CITP Luncheon Speaker Series:
Julia Stoyanovich – Fides:
Towards a Responsible Data Science Platform

CITP Luncheon Series

Date: Tuesday, February 28, 2017
Time: 12:30 p.m.
Location: 306 Sherrerd Hall

No RSVP required from current Princeton faculty, staff, and students. Open to members of the public by invitation only. Please contact Jean Butcher at butcher@princeton.edu if you are interested in attending a particular lunch.

Recent attention in FAT research has been focused primarily on analyzing learning algorithms and their outputs. Yet, issues of fairness, accountability and transparency begin further upstream in the data science lifecycle: bias in source data goes unnoticed, spurious correlations lead to reproducibility problems, and pre-processing steps strongly influence analysis results. As machine learning methods continue to be applied broadly by non-experts, the potential for misuse increases.

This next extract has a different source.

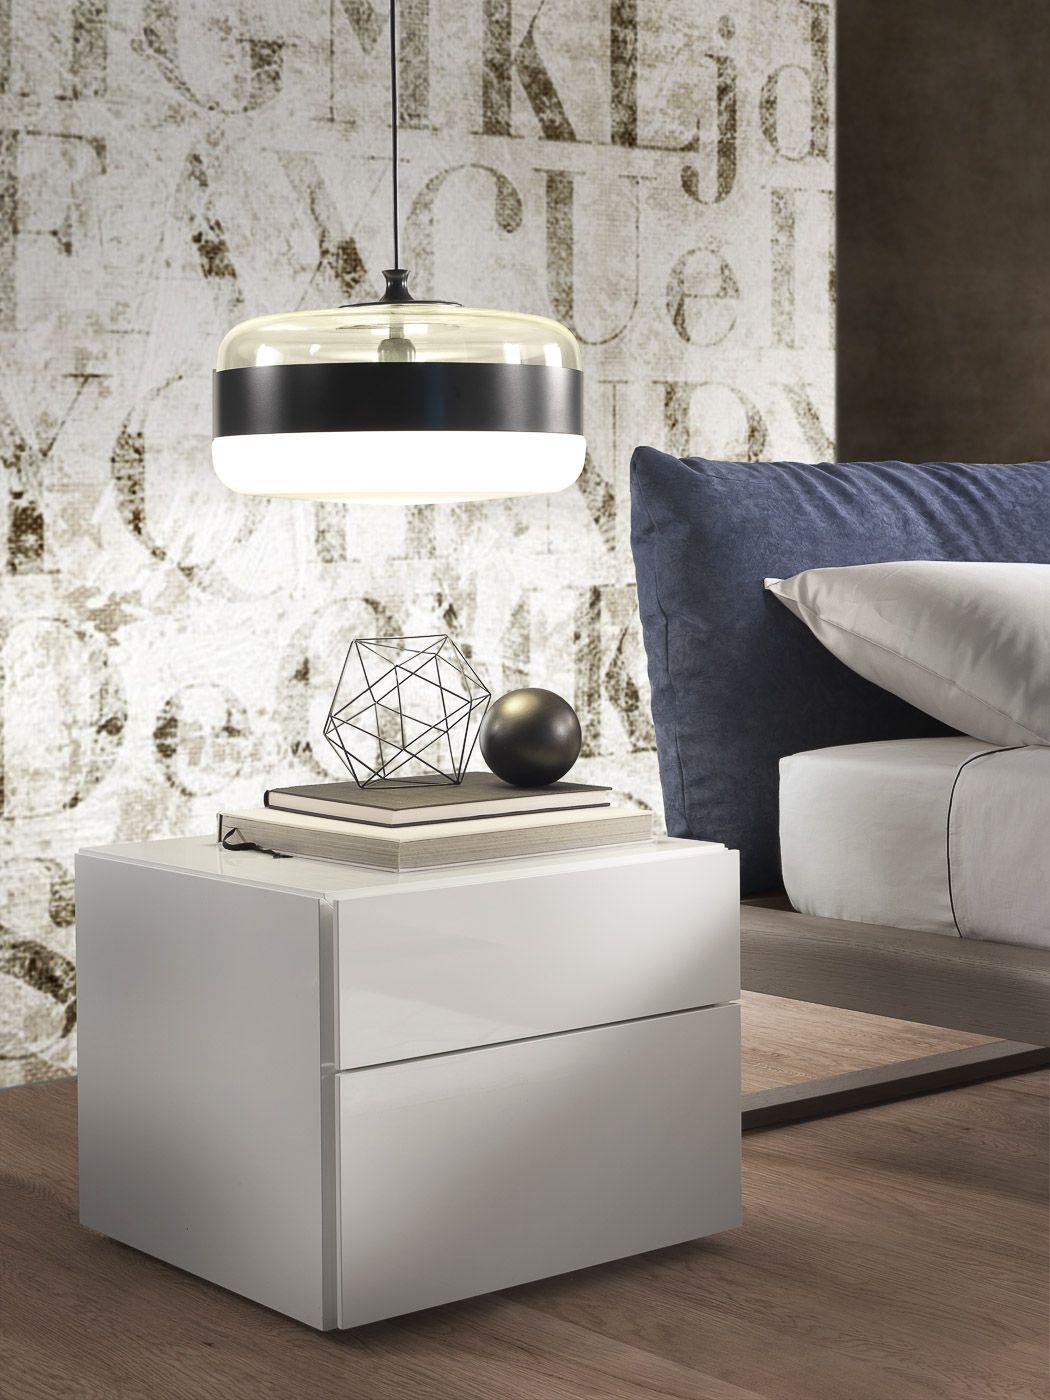 Designermöbel im von Haus deko, Design und Bett

In this talk reasons to advocate for systems support for responsible data science will be presented. It will be argued that it is insufficient, and often impossible, to identify and mitigate bias and enable accountability and transparency when focusing exclusively on the data analysis phase. Descriptions of the ongoing work on Fides, an open-source responsible data science platform, will be presented. Fides checks and maintains FAT properties starting with the data acquisition phase, propagates these properties through queries and analytics, and assists the user during the result interpretation phase.

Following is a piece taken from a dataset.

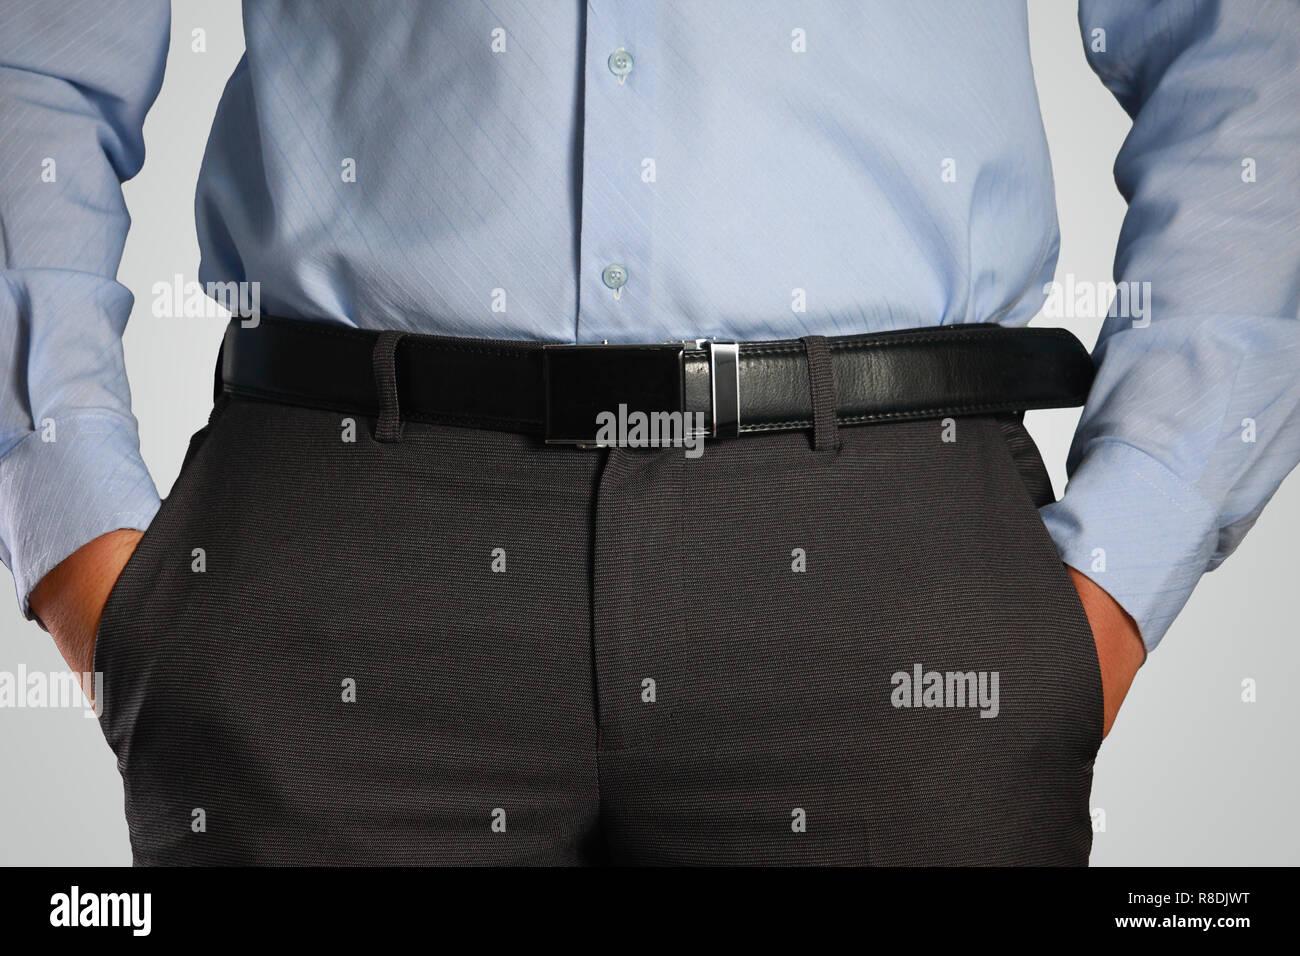 chemise bleue poches pantalon noir

Julia Stoyanovich is an assistant professor of Computer Science at Drexel University, where she directs the Database Research Group. She was previously a postdoctoral researcher and a Computing Innovations Fellow at the University of Pennsylvania. Julia holds M.S. and Ph.D. degrees in Computer Science from Columbia University, and a B.S. in Computer Science and in Mathematics and Statistics from the University of Massachusetts at Amherst. Julia’s research focuses on fairness, neutrality and transparency in data analysis, and on management and analysis of preference data. Her work has been supported by NSF, BSF and Google.